Omit every picture. Return all other data as it stands.

[DATASET SECTION]

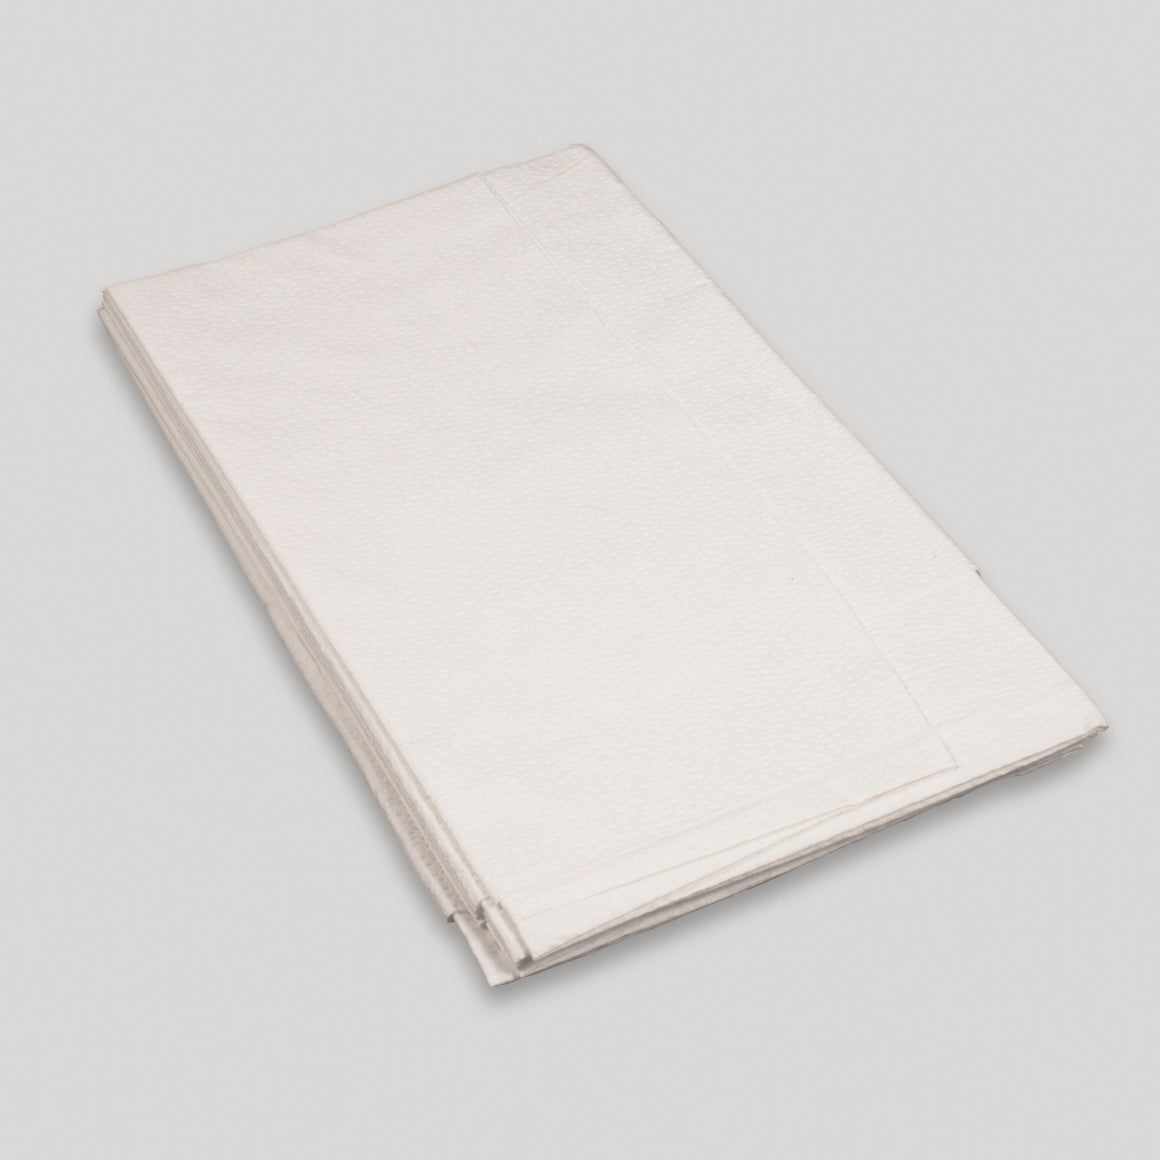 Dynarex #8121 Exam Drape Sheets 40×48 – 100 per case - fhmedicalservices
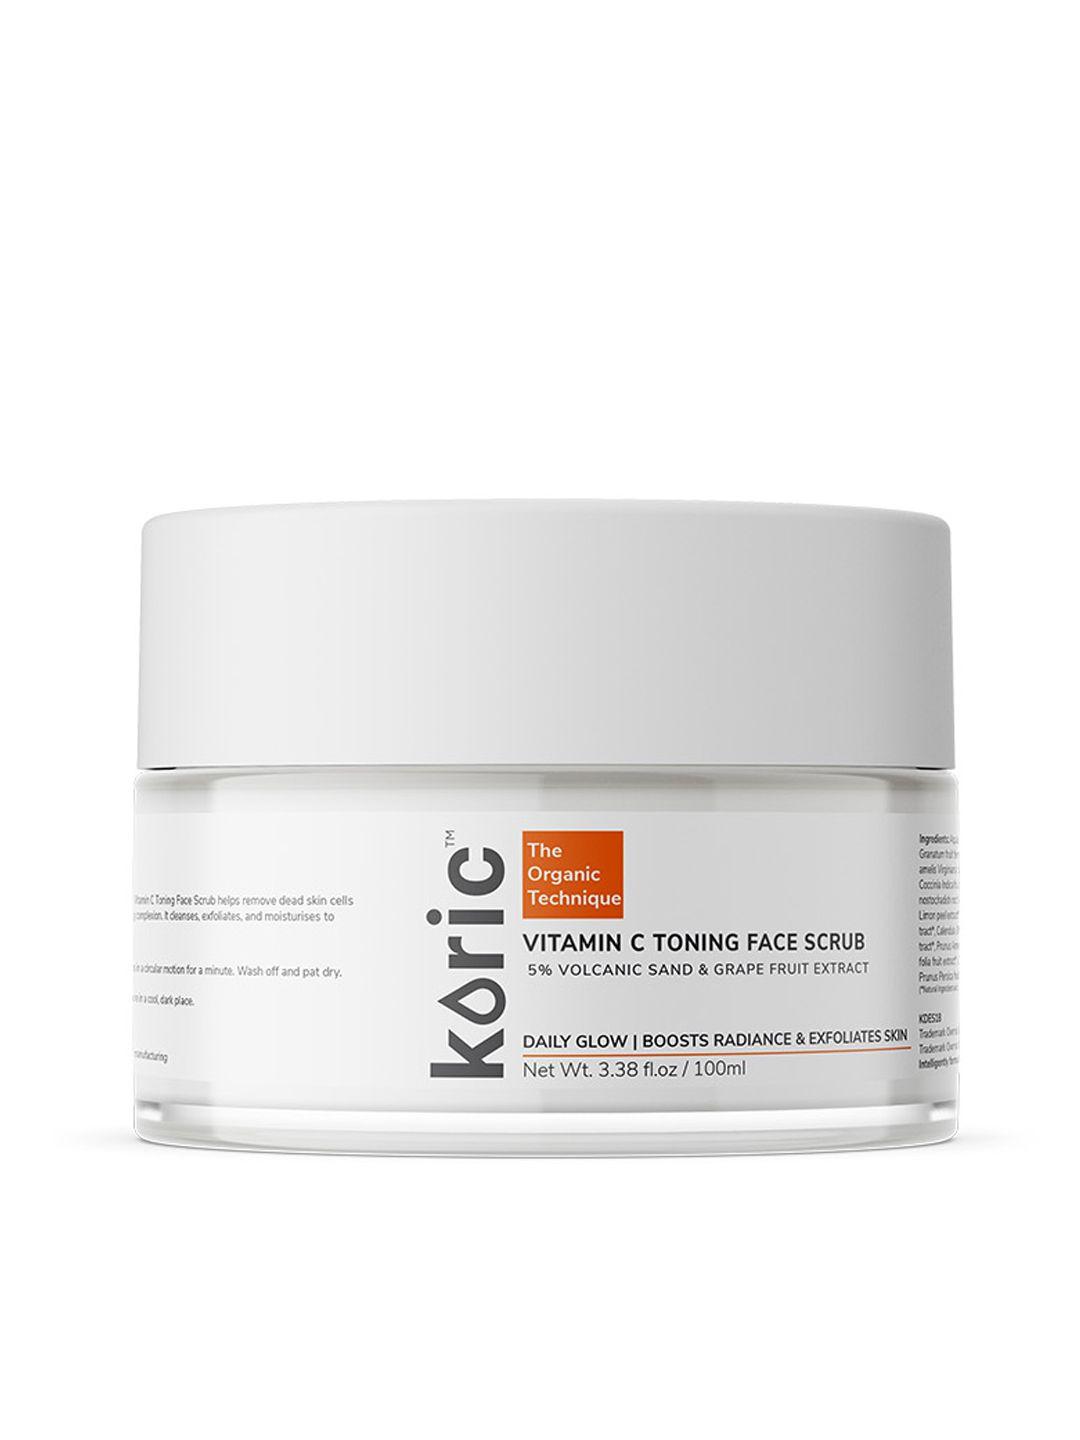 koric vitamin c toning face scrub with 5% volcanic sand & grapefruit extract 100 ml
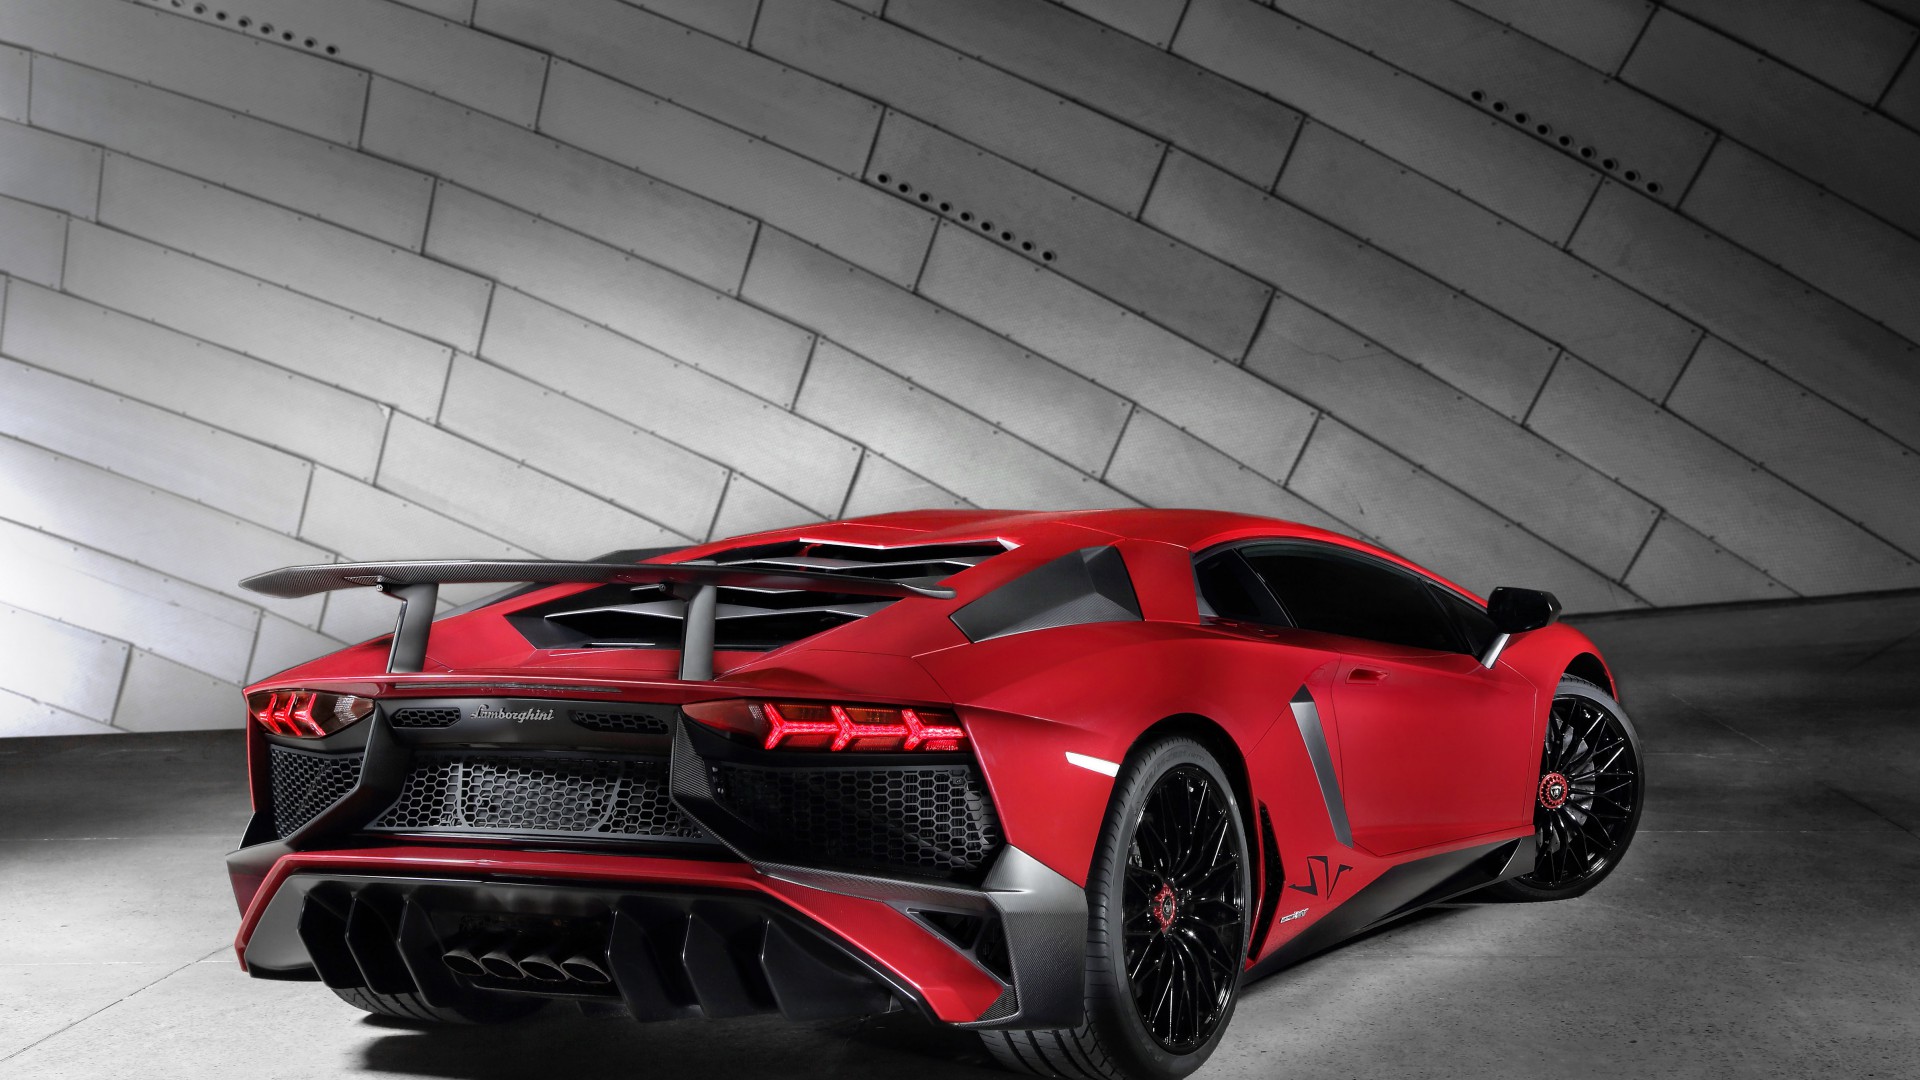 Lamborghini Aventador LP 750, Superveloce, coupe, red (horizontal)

[/DATASET SECTION]

### TASK ANSWER:
 Dynarex #8121 Exam Drape Sheets 40×48 – 100 per case - fhmedicalservices
 koric vitamin c toning face scrub with 5% volcanic sand & grapefruit extract 100 ml
 Lamborghini Aventador LP 750, Superveloce, coupe, red (horizontal)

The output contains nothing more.